Esta es una pregunta que todos los escritores han recibido alguna vez, y que los periodistas de cultura repiten con monótona persistencia. Como si a un cura se le preguntara por qué reza o por qué cree en Dios. Se escribe porque sí, porque es una necesidad absurda, porque sirve para desahogar la cabeza o la mente de locuras o pensamientos abominables. Se escribe porque se quiere ser famoso o un miserable toda la vida. Se escribe porque no se ama la vida y escribir es una forma de maldecirla y de encontrar un poco de consuelo a tanta precariedad. A veces se escribe porque se ama y otras porque se odia. Rara vez se escribe por el placer de escribir, a no ser que sea un millonario que no tiene en qué ocupar su ocio. Pero son excepciones. Escribir es sinónimo de carencia. Mientras más necesidades tenga un escritor, mejor escribe.
La verdad es que ningún escritor se hace esa pregunta cuando escribe. Pero yo creo que la respuesta más apropiada anda un poco por el lado de sacarse los demonios de la cabeza. Más que los demonios, los seres ajenos que lo pueblan y terminan por quitarle el oxígeno. Se escribe por necesidad de liberación. Y también para dejar algo cuando pasemos a mejor o peor vida. Se escribe para ir acompañado por la vida, para patear la soledad y compartir con los personajes ficticios.
Esta inefable pregunta ha producido cientos de respuestas improvisadas. Ricardo Piglia, que siempre tiene las palabras adecuadas para cualquier ocasión, expresó lo siguiente: “Un escritor escribe para saber qué es la literatura”. Y lo completó con otra reflexión: “La escritura es el lugar donde los borradores de la vida son posibles, tal vez por eso se hace literatura”. Borrador o no, la literatura, y más propiamente la escritura, es sencillamente la forma de decir las cosas de otra manera, diferente al resto de los mortales. Borges no se hacía tantas preguntas y afirmaba que “el arte de leer es tan creador como el de escribir”. En cambio Truman Capote, más realista, aseguraba que “un día comencé a escribir sin saber que me había encadenado de por vida a un noble pero implacable amo. Dios le entrega a uno un don, también le da un látigo; y el látigo es únicamente para autoflagelarse”. Lo que parecía compartir, en ciertos aspectos, Fernando Pessoa al declarar “para mí escribir es despreciarme, pero no puedo dejar de escribir. Escribir es como la droga que me repugna y tomo, el vicio que desprecio y en el que vivo”. Por su parte Barthes, más analítico, aseveraba “escribir es ya organizar el mundo, es ya pensar”.
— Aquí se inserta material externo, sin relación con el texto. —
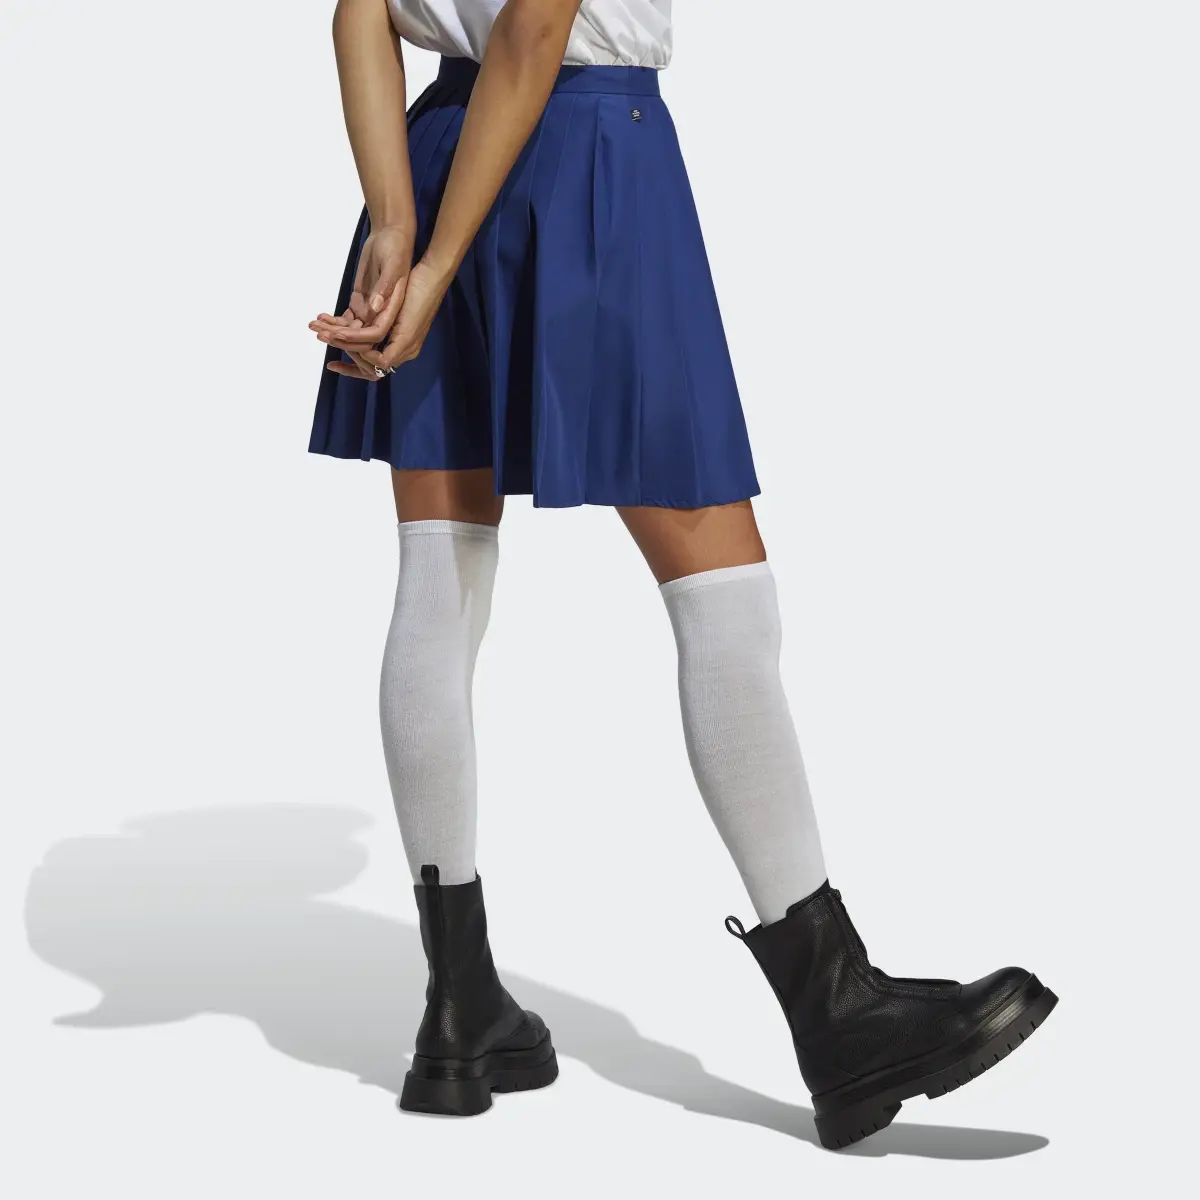 Adidas Pleated Skirt. 2

En general la reflexión de los escritores sobre el futuro de la literatura es más bien pesimista. En cierta oportunidad, se le consultó a Maurice Blanchot qué dirección estaba tomando la literatura y respondió: “¿Hacia dónde va la literatura? Va hacia sí misma, hacia su esencia que es la desaparición”. Lo que parecía corroborar Beckett: “La escritura me ha llevado al silencio”.
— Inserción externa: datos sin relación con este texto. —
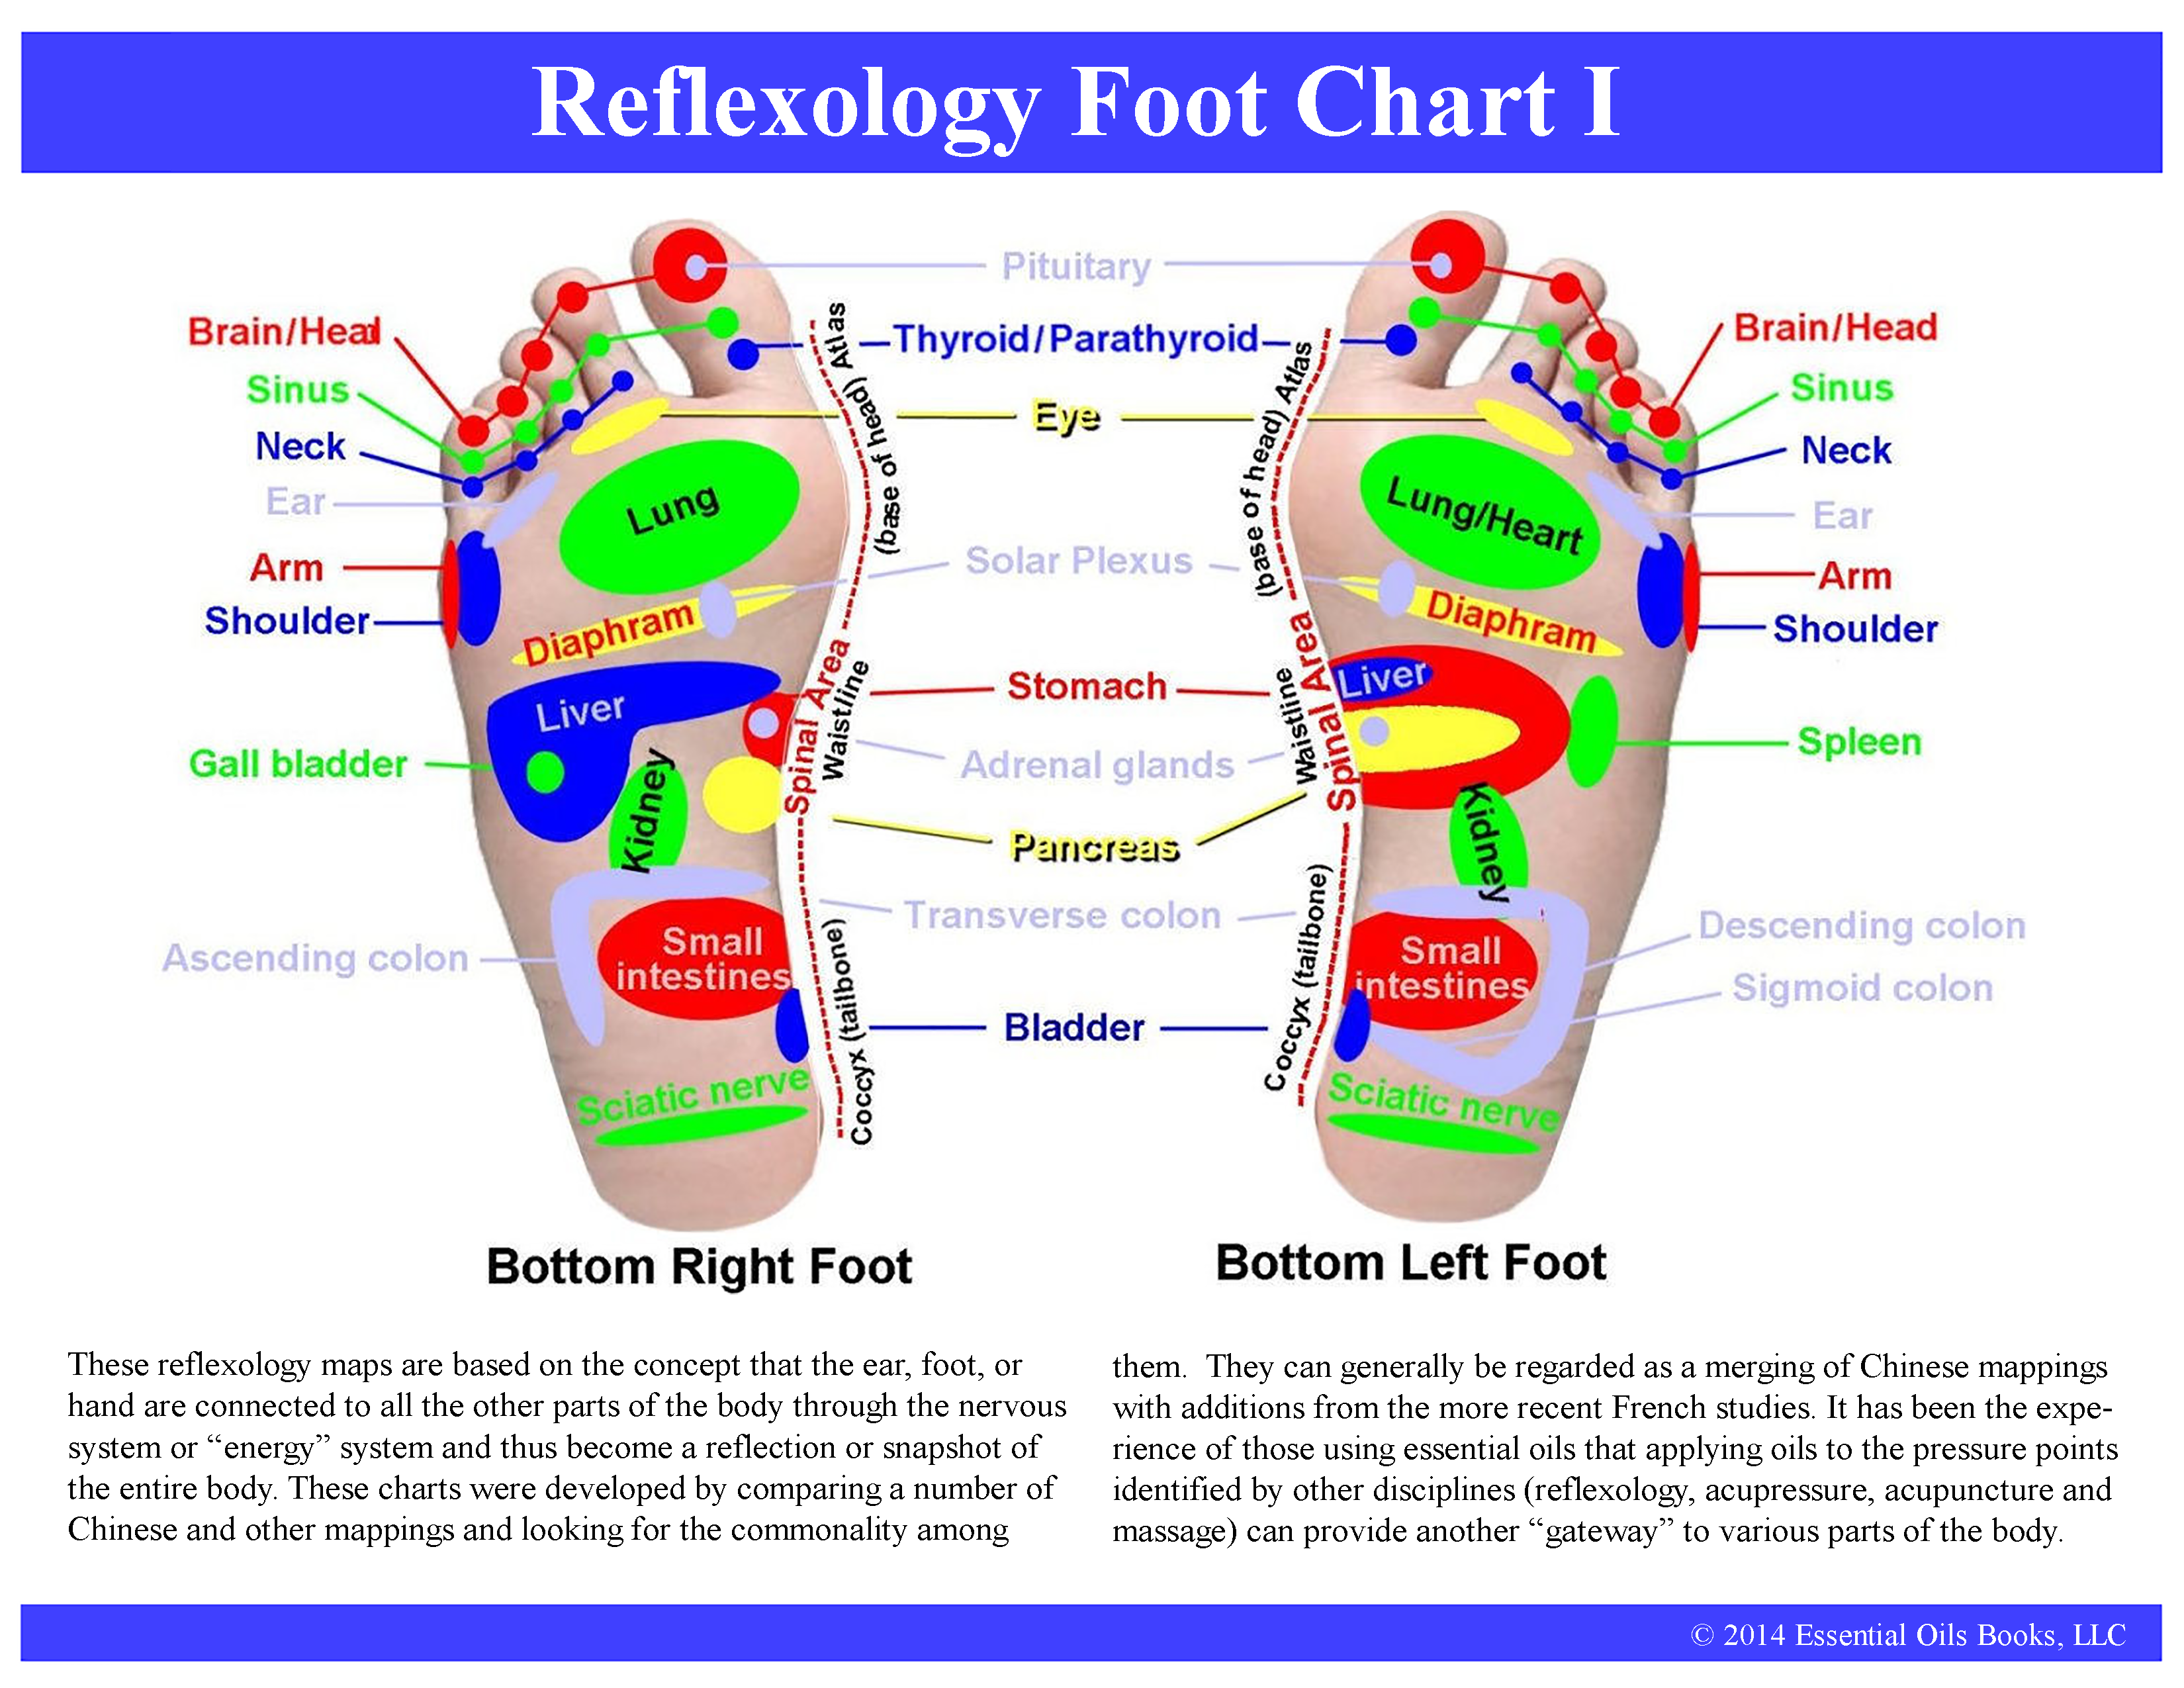 Reflexology Charts For Feet

Henry Miller, que era un pesimista perpetuo y a la vez un hedonista sin remedio, decía que “cuando más se escribe, menos estimulan los libros. Se lee para corroborar, o sea para gozar los propios pensamientos expresados en multiformes maneras por los demás”. No es una mala interpretación. Porque los escritores leen a sus contemporáneos con una suerte de resentimiento, como la mirada del atleta al resto de sus adversarios. El canon de los escritores se transforma en una lápida que aplasta a muchos nuevos creadores que mueren en el intento. “De todos los enemigos de la literatura, el éxito es el más insidioso”, cavilaba Cyril Connelly. Pero Enrique Lihn no pensaba lo mismo: “Pero escribí y me muero por mi cuenta, porque escribí porque escribí estoy vivo”.
Pero el mayor problema es que la gente lee cada vez menos. La televisión, Internet y todo ese mundo tecnológico ha dejado a los escritores huérfanos. Se escribe para sí mismo o para un par de colegas de buena voluntad que lo lean y den su opinión. Chile ocupaba el segundo lugar en el consumo de libros en Latinoamérica; ahora ocupa el último. España es el cuarto país con mayor edición de libros después de EE.UU., Alemania y Japón. El año 2009 editó 76 mil títulos y posee ocho mil bibliotecas. Ese mismo año se publicaron en el planeta cien millones de libros. Pero lo que resulta paradójico y hasta risible, después de comprobar estas cifras, es la capacidad que tiene el ser humano culto para consumir tal producción. Un lector, leyendo cada cuatro días un libro de cien páginas, al cabo de una vida de lectura (aproximadamente 65 años), sólo podría leer la insignificancia de 5.931 libros.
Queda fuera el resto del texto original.